S Hanson, A Kashyap, and J Stein (forthcoming): “A Macroprudential Approach to Financial Regulation”, Journal of Economic Perspectives.

Macroeconomic Assessment Group of the Financial Stability Board and Basel Committee on Banking Supervision (2010), Assessing the macroeconomic impact of the transition to stronger capital and liquidity requirements, Bank for International Settlements, August.

Modigliani, F and M Miller (1958), “The cost of capital, corporation finance and the theory of investment”, American Economic Review, 48:261–297.
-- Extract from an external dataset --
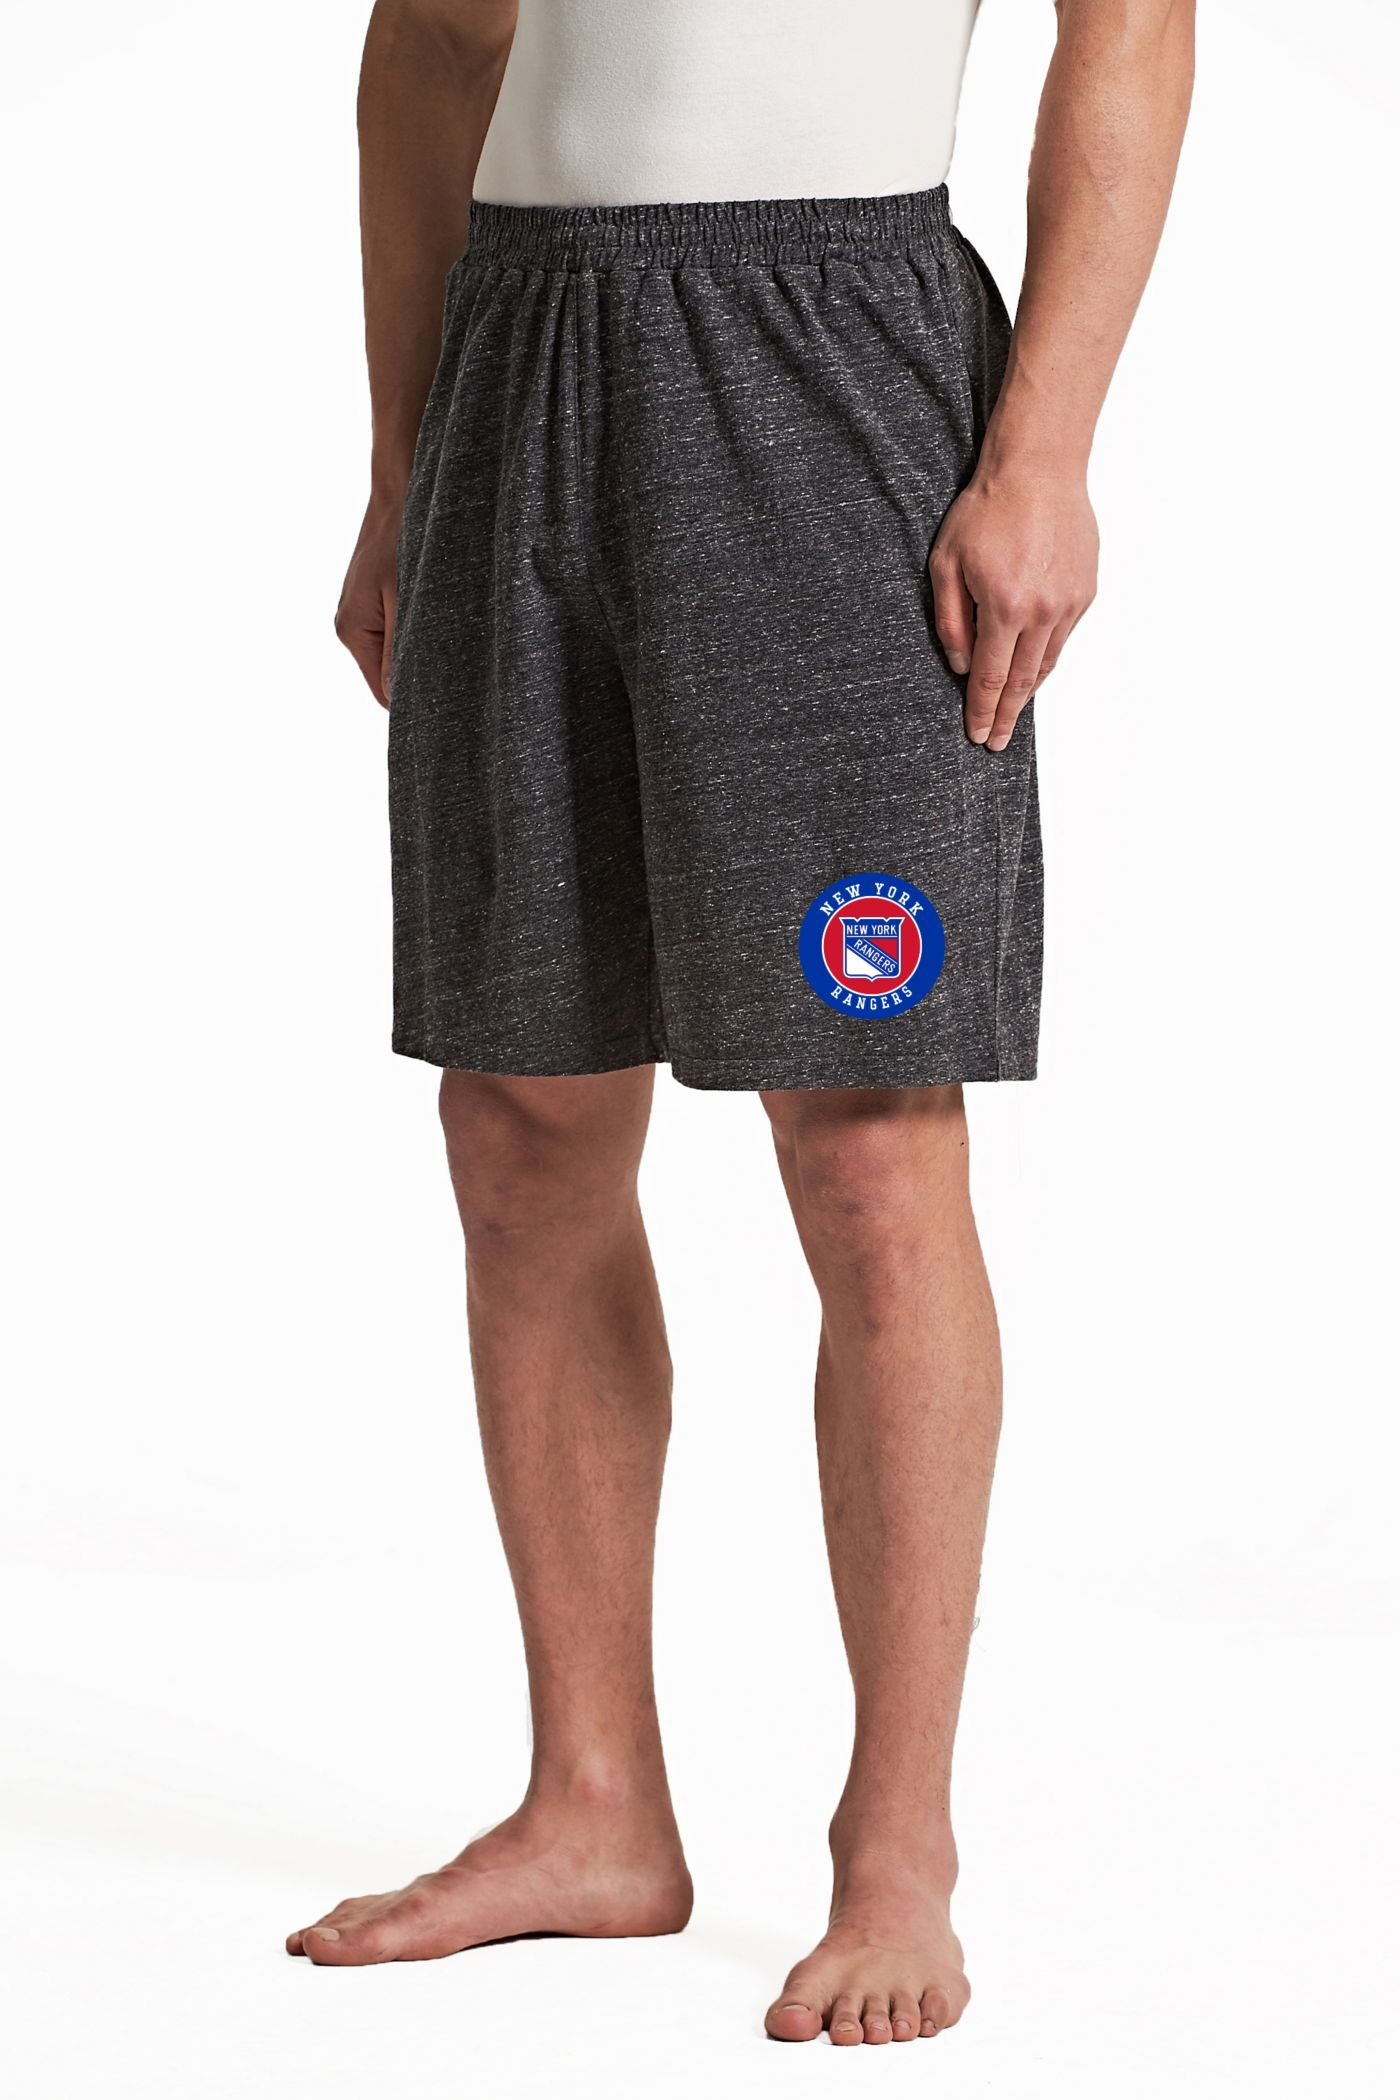 Concepts Sport Men's New York Rangers Pitch Grey Shorts

1 To understand where a number like this may come from, imagine a stylised bank with a balance sheet (where total assets equal risk-weighted assets) that has the following composition. On the liabilities side, there are deposits and debt, for which the bank pays an average of 5%, and capital, with a return of 15%. Assets are composed of two thirds loans and one third a combination of securities and cash (reserves). Now consider an increase in the capital ratio of 1 percentage point. This raises the cost of funds (the weighted average cost of capital plus deposits and debt) by 10 basis points. To maintain return on equity at 15%, the bank must recover this cost increase by raising the return on its assets. If this is done solely by raising rates charged to borrowers, since loans are two thirds of assets, it must raise lending rates by 15 basis points – a number close to that in the MAG report and obtained by Elliott (2009).